Swing this

Then I woke up, and it was all a dream. My back was aching from resting against the knobbly tree trunk, my tongue was sweating it was so damn hot--107 degrees on the bank's digital thermometer--and if it hadn't been for my Onion Fest baseball cap, the shifting sun would've fried my face to a crisp...I plunged back into the Lions Club hall to leap and twirl with the rest of the sun-crazed Chicanos.

This is what happens when a man from mossy Scotland plunges himself into the myth and pathos of Texas swing. He becomes a sort of shaman, an unanchored creature removed from his natural time and place who, instead of hiding his head in the dirt, adapts and thrives. In these parts, much had been made of Duncan McLean's travel memoirs Lone Star Swing, because there's nothing more fascinating than seeing ourselves through the reverent, good-humored eyes of an outsider. The perspective. The mystery. The inherent goofiness. McLean's obsession with a dying music tradition makes everything old to us brand-new again, and in his search for the colorful past of legends such as Bob Wills and Lefty Frizzell, he has to contend with modern-day Texas. What seems ordinary to us is extraordinary to him, and in turn makes us think twice about our own eccentric social landscape. From car-park motels to greasy diners, bar-fly bars to cavernous dancehalls, McLean's vision of Texas is as removed from his idyllic home on Orkney Island as purgatory from heaven.

On Wednesday, November 18, McLean strides back into the region for a public reading of Lone Star Swing, his fourth book, at the ArtCentre of Plano. Fittingly, the evening's soundtrack is provided in person, as well, by three swing greats: fiddler Buddy Ray, guitarist Sumter Burton, and bassist Ron Green.

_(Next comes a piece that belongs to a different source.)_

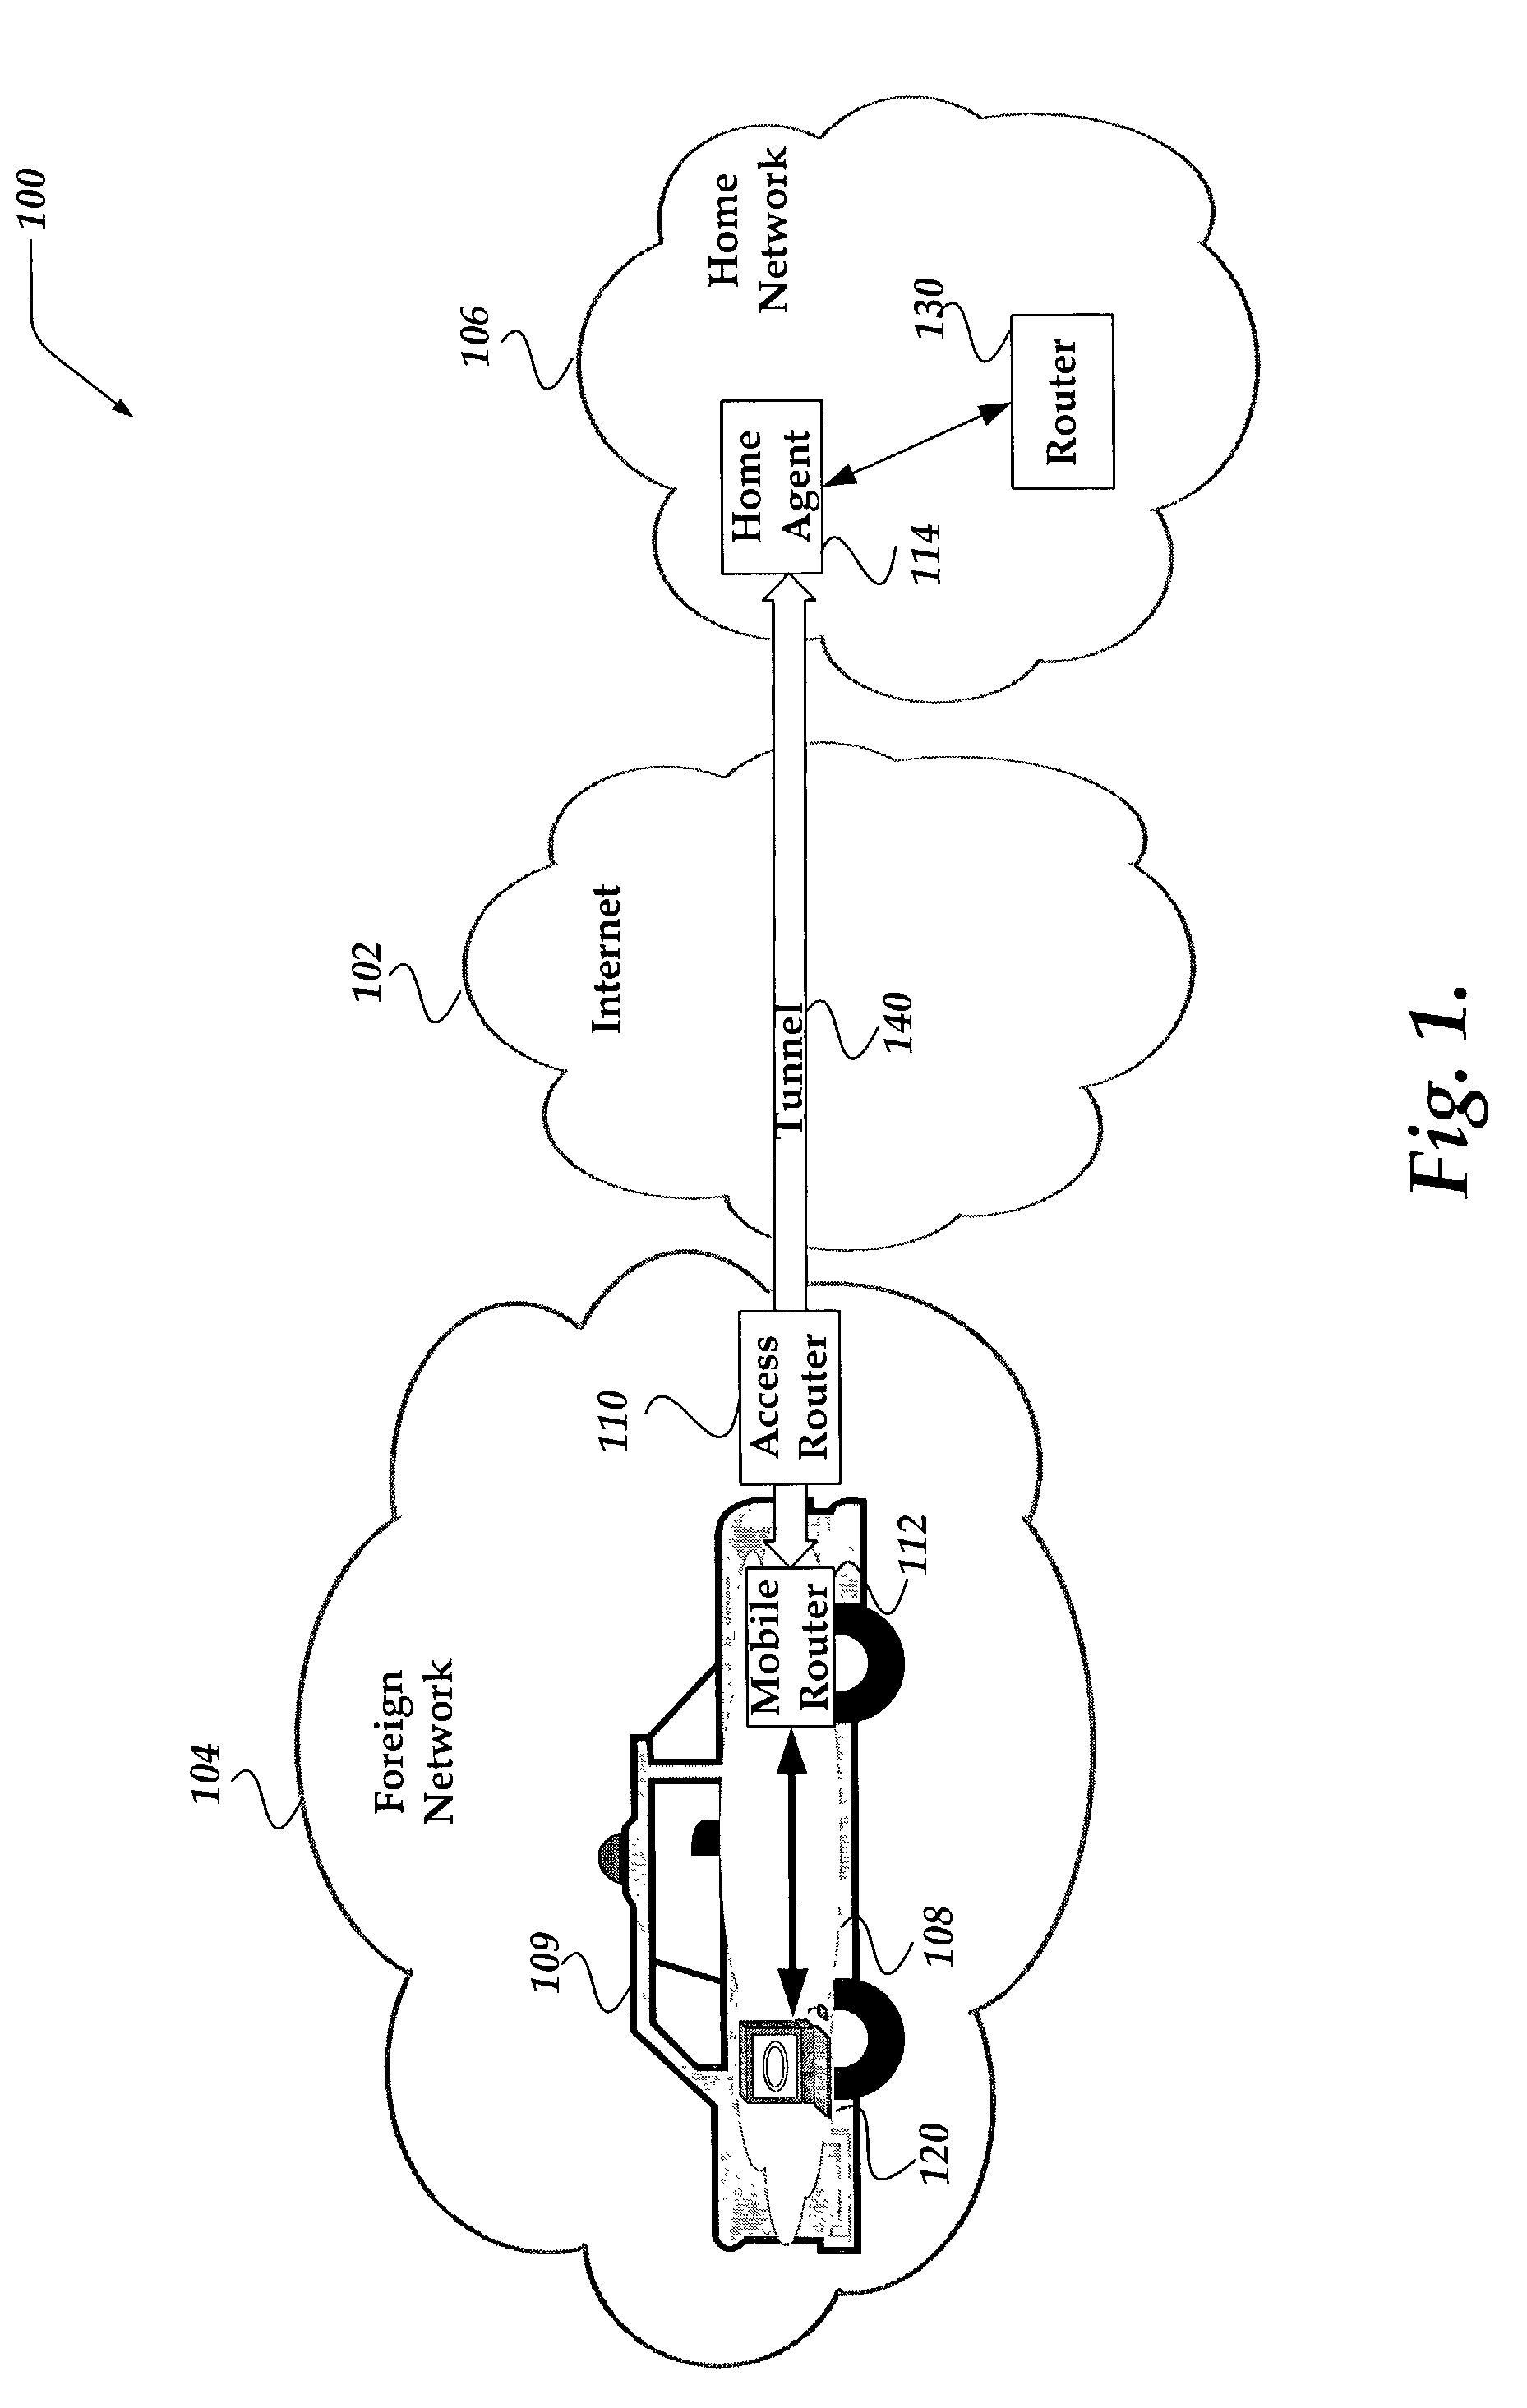 System and method for mobile router cost metric updates for routing protocols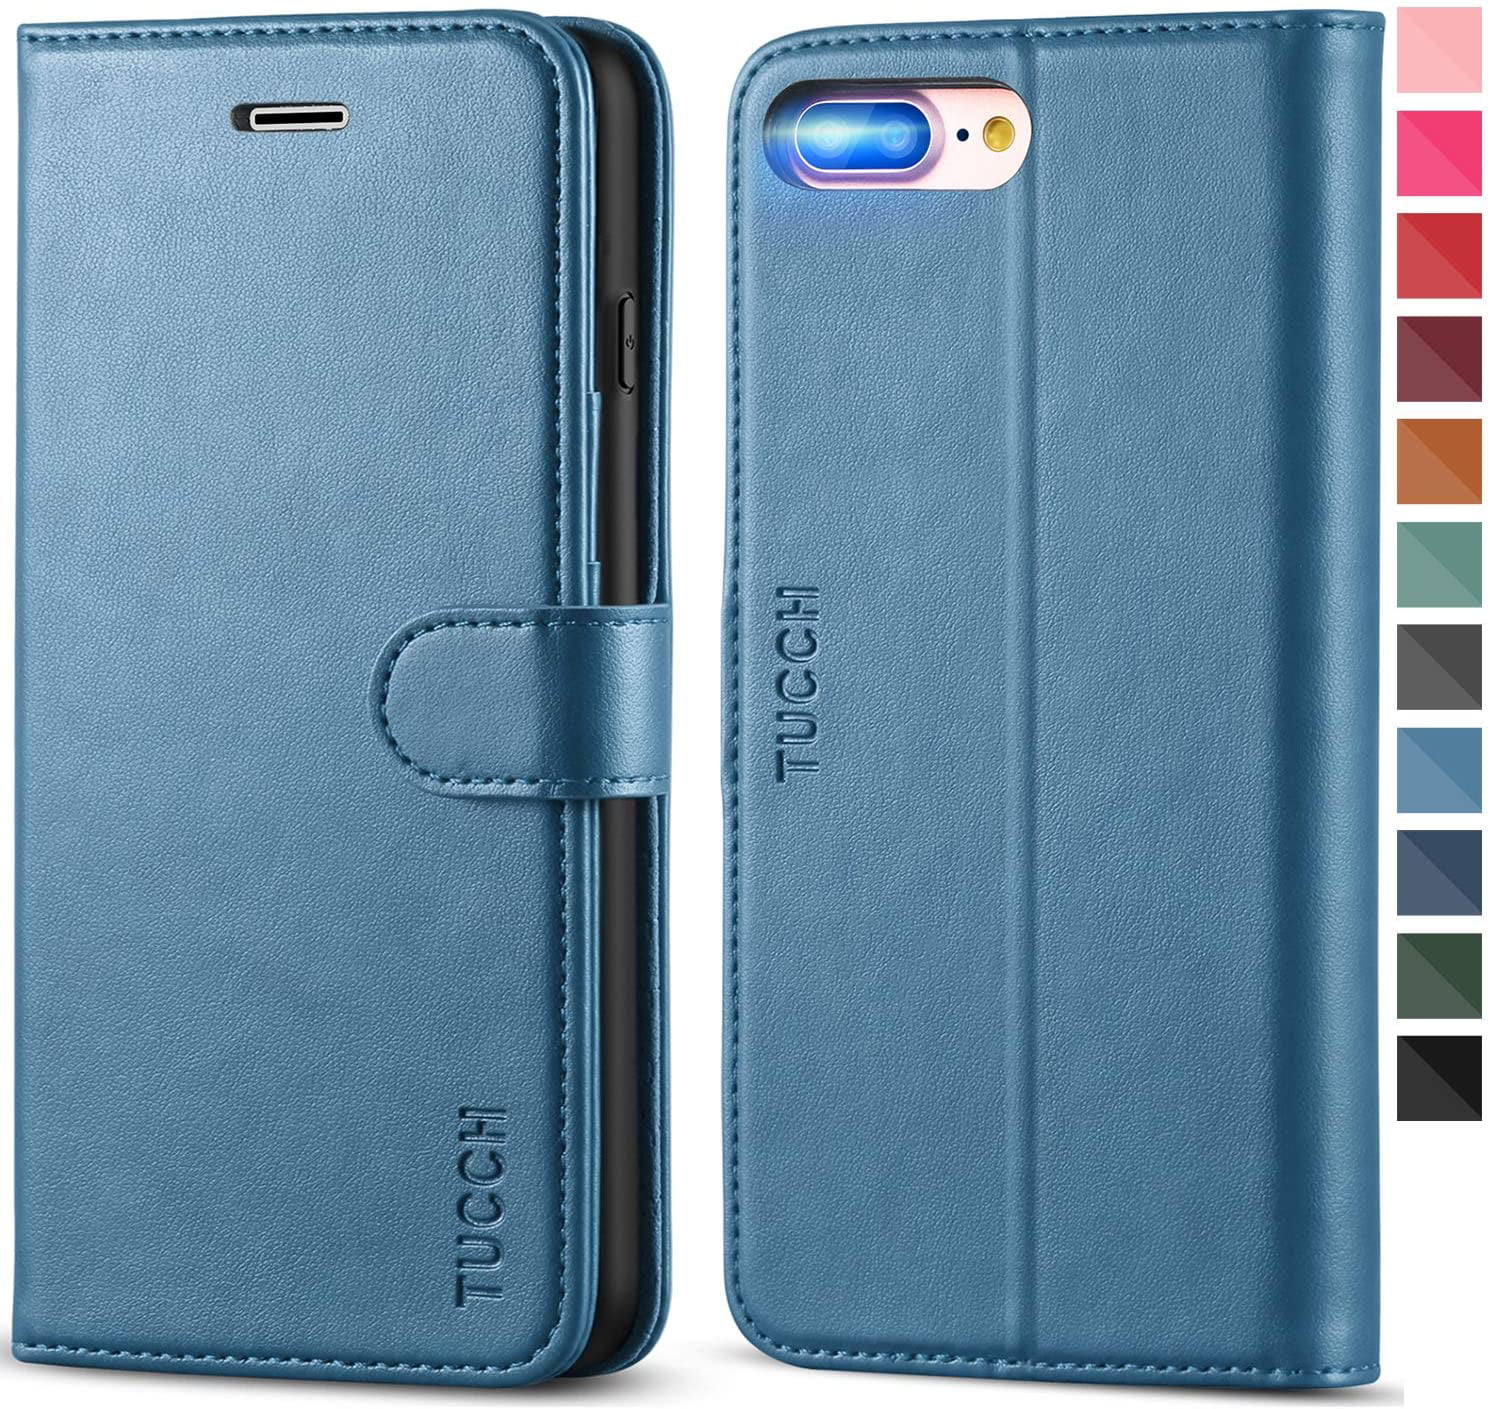 Cover for iPhone 7 Leather Card Holders Cell Phone Cover Kickstand Extra-Durable Business iPhone 7 Flip Case

What separates Lone Star Swing (released earlier this year) from standard cut-and-dry travelogues is McLean's delivery. He's as open to adventure as he is droll about it, and even as he digs deep into the details of a lap-steel past and the musicians who shaped it, his language is as light and approachable as a romp through the Sons of Hermann Hall. The weird stuff he encounters--a conference for the Narcotic Detector Dog Association, a jet fighter parked at an old gas station--are recounted with both an open heart and wry matter-of-factness, and instead of coming unhinged at the surrealness of the Wichita Falls Wal-Mart, McLean merely buys a cowboy hat and forges ahead with his search for a swing-filled Holy Grail. He's never sloppy about the history or the details, though, and that, too, makes the book a standout. Instead of a meandering collection of clever-clever observations, we're joining this unassuming pilgrim on a very specific journey--one that will both quench his thirst for real-deal Western culture and shed some light on our own Wild West character. And that's the best kind of reading there is--the truth injected with the color of tall tales. Doesn't hurt that's it's delivered in a Scottish burr.